In an interesting and useful essay on “The Aversion of Men of Taste to Evangelical Religion,” John Foster condemned the too—frequent use of figures relating to eating. Well, there may be some ground for that, but after all eating is a matter so generally understood, and of such strong and practical interest to every one that the numerous classes of figures relating thereto are amongst the most striking and important in the Bible. I shall only now say that its general significance is obvious enough. It is the means of sustaining life; it is the means of pleasurable satisfaction of a (more or less) painful demand of the body—or soul; it is the building up of the eater by something from outside, which is taken in to the body, or soul, and assimilated, made part of oneself. Can the reader conceive any other figure which would convey one tenth of the concentrated and vehement emphasis with which the soul's need of Christ is expressed when it is said, “Except ye eat the flesh of the Son of man, and drink His blood, ye have no life in you!” Men of Taste—the dilettanti few of a pseudo-culture, may object to a figure like that if they wish; but men of hunger, the thronging myriads that people the vast continents, to whom the others are but as “a drop in a bucket,” will understand it more readily than any other—metaphor which could be used.

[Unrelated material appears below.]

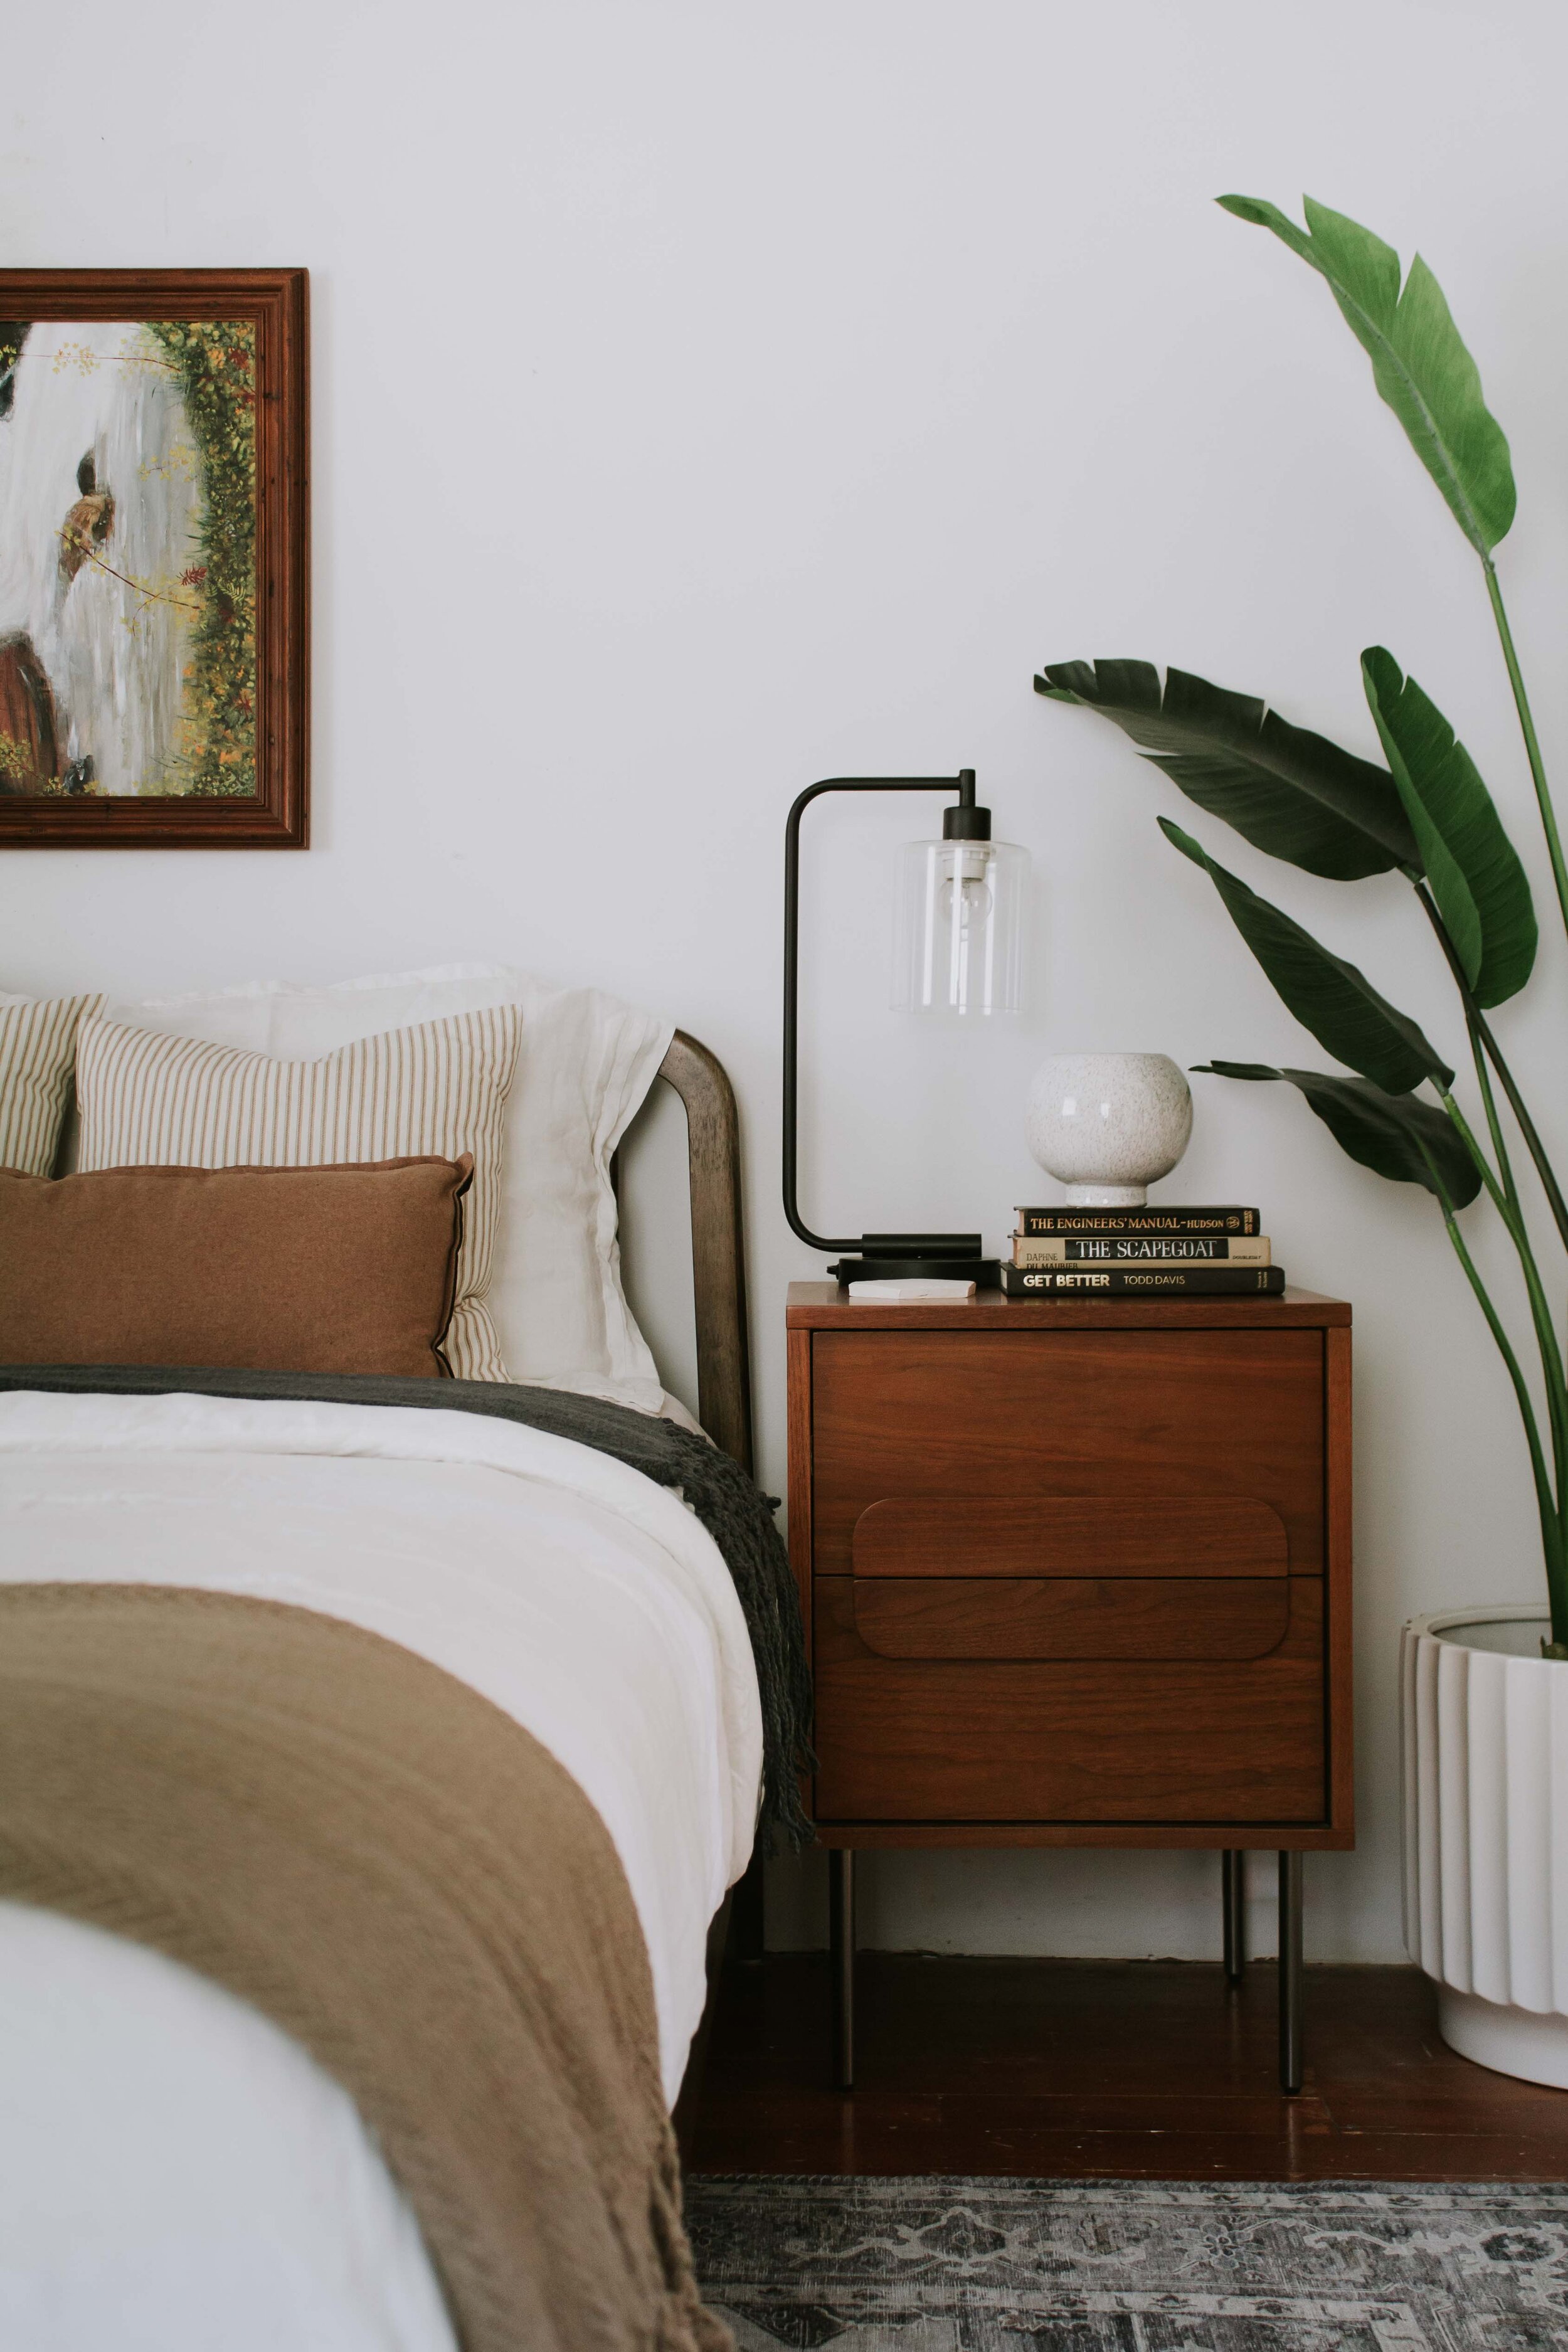 Our Bedroom "As Is" and 9 spindle bed alternatives - modern traditional bedroom decor and cozy bedroom inspiration. | Nadine Stay

Thus we find the redeemed are not left to their own resources when saved from the approach of judgment; that would be a poor starveling salvation, unworthy of a God of such affluence and benignity. No, He gives gracious direction to provide for them “all food that is eaten.” As in this dispensation we have Christ the sustenance of our spiritual life strewing the wilderness as the Manna—the especial presentation of the four gospels—so in that or any dispensation, the saved shall find in some form or another that in Christ Himself is their perennial source of sustenance, strength and satisfaction. “All food that is eaten": all that can fully satisfy every renewed nature from the lowest to the most developed, from the dwarfed mind of the idiot Yeddie to the masculine intellect and capacious heart of a Wyclif, or a Paul.
I never noticed, till Juvencus lately pointed it out to me, the singular beauty of the final injunction. God does not say, Go into the ark, but Come7 into the ark: He was “in Christ,"8 and, when He invites them to Christ, He invites them to Himself. When the storm-threatened wayfarer approaches to make the divine Ark his refuge and dwelling place, he discovers that Another is there to welcome him: God has made it His own retreat and tabernacle. The crowning and final glory of Ezekiel's Temple is this—JEHOVAH SHAMMAH!